Elvis Presley finished 1956 with Love Me Tender, its melody based on an English folk-song.
Which in a way is not so strange: rock and roll was largely a fusion of African, Scots-Irish and English musical forms which had mutated in the US, often enough through interpretations by Jewish songwriters such as Doc Pomus, Mort Schuman, Jerry Leiber and Mike Stoller. Indeed, it could be argued that the Jewish contribution was as vital to rock and roll as the others: subtract Jews from its creative and entrepreneurial development, and there might well have been no enduring rock and roll form at all.
So, like it or not, rock and roll is the dominant expression of popular culture in the world today, and its devotees are almost medieval in their worship: a modern Canterbury Tales would have a rock festival as its destination.
And only such a festival, amongst all the competing forms of mass ceremony, could manage what happened in Punchestown last weekend: some 45,000 people convening in the mud and the rain, and staying there, enduring vile toilets and general filth, to worship at the shrine of this American-African-British-Irish-Jewish art-form.
No, it's no longer for me, and though I had no choice about listening to it - living several miles from Punchestown didn't protect me from the rolling wall of noise for the entire weekend - I don't begrudge the revellers their music over a couple of days.
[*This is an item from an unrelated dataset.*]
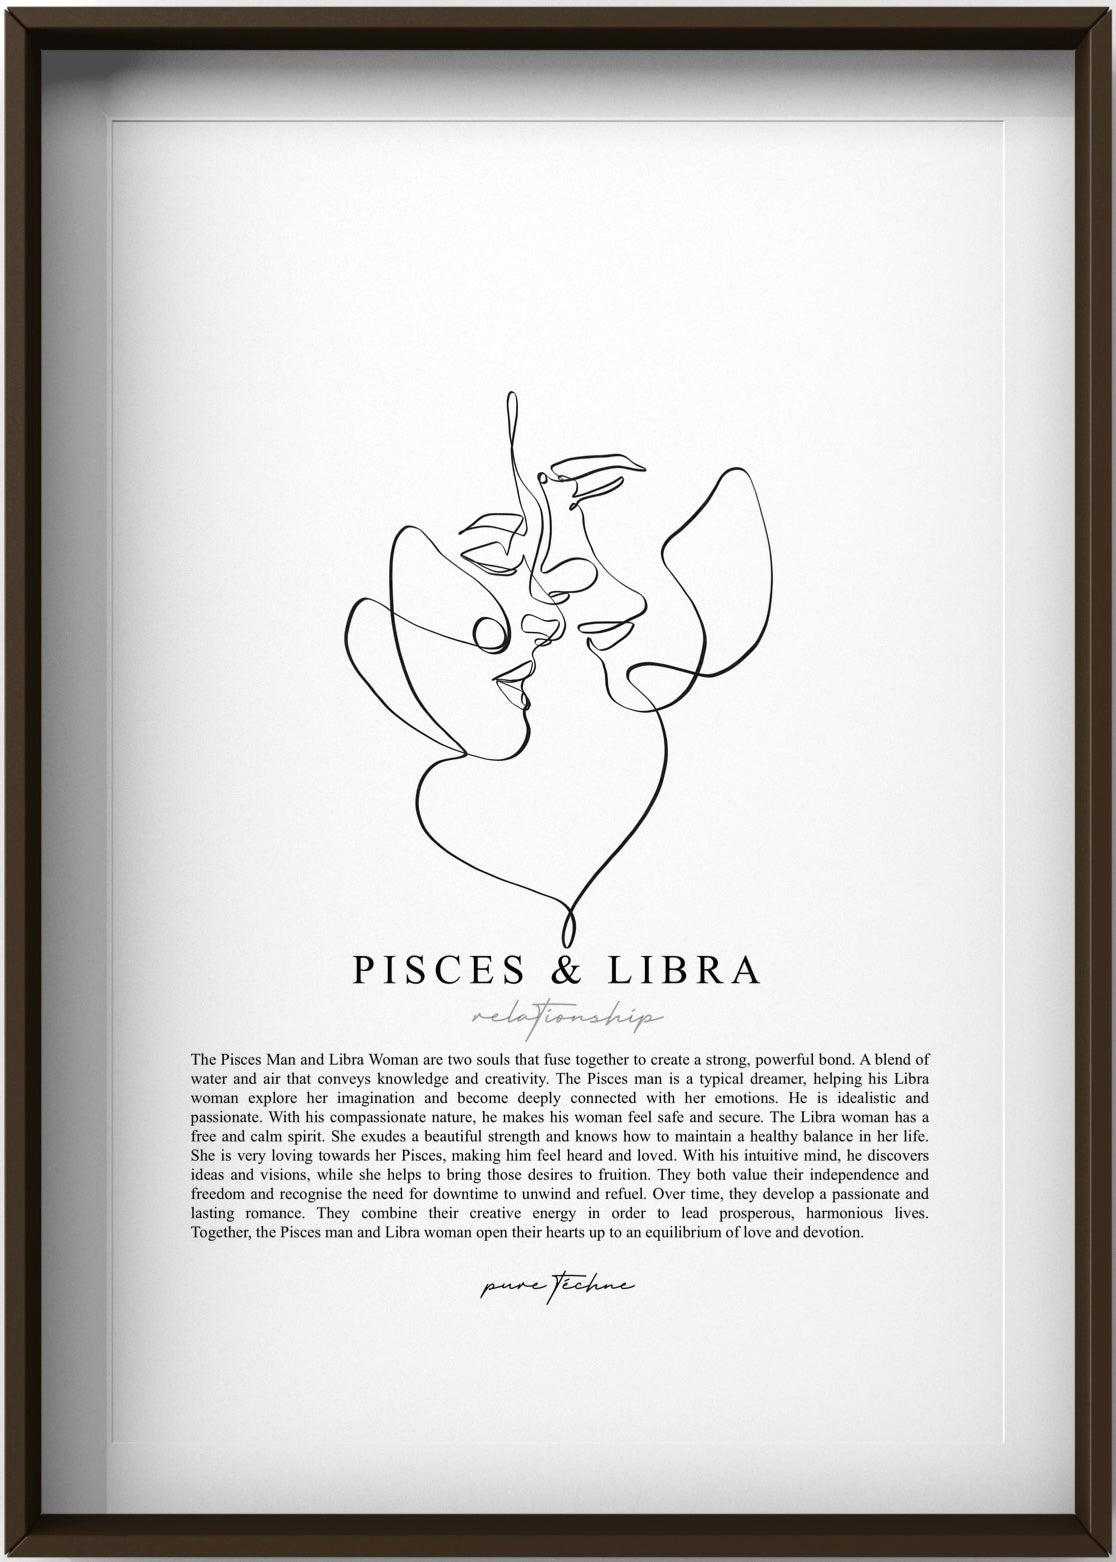 Pisces Man & Libra Woman

For rock and roll is one of the great liberating and unifying forces of the world: unconsciously and unintentionally, and therefore all the more powerfully, it utterly disposes of arguments about race, colour, class, nationality and creed.
All such divisions become irrelevant before its dynamic sweep.
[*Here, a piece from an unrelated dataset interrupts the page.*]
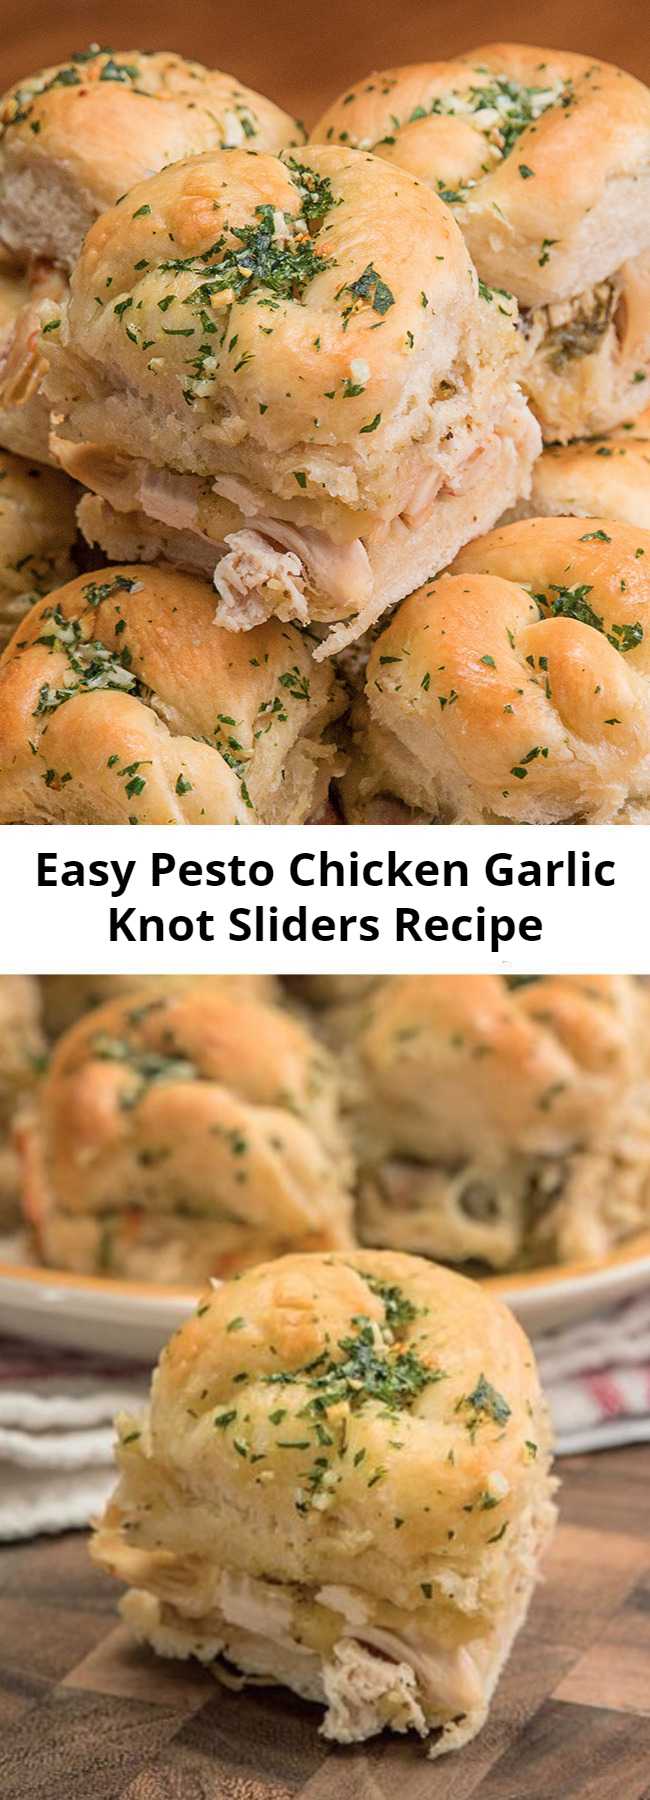 Easy Pesto Chicken Garlic Knot Sliders Recipe

So it's not surprising that Turkey, the most tolerant and culturally inclusive Muslim country in the entire world, has a vibrant culture of rock music. Wherever you have rock music, in its many forms, you will find less bigotry, more openness, more generosity.
Thus, contrary to what you've been told in the past few days, the truly great year to celebrate is not 1954, but the one that arrives a year next January: 1956, when the cultural world that we all know and inhabit was born in a couple of recording studios in the USA.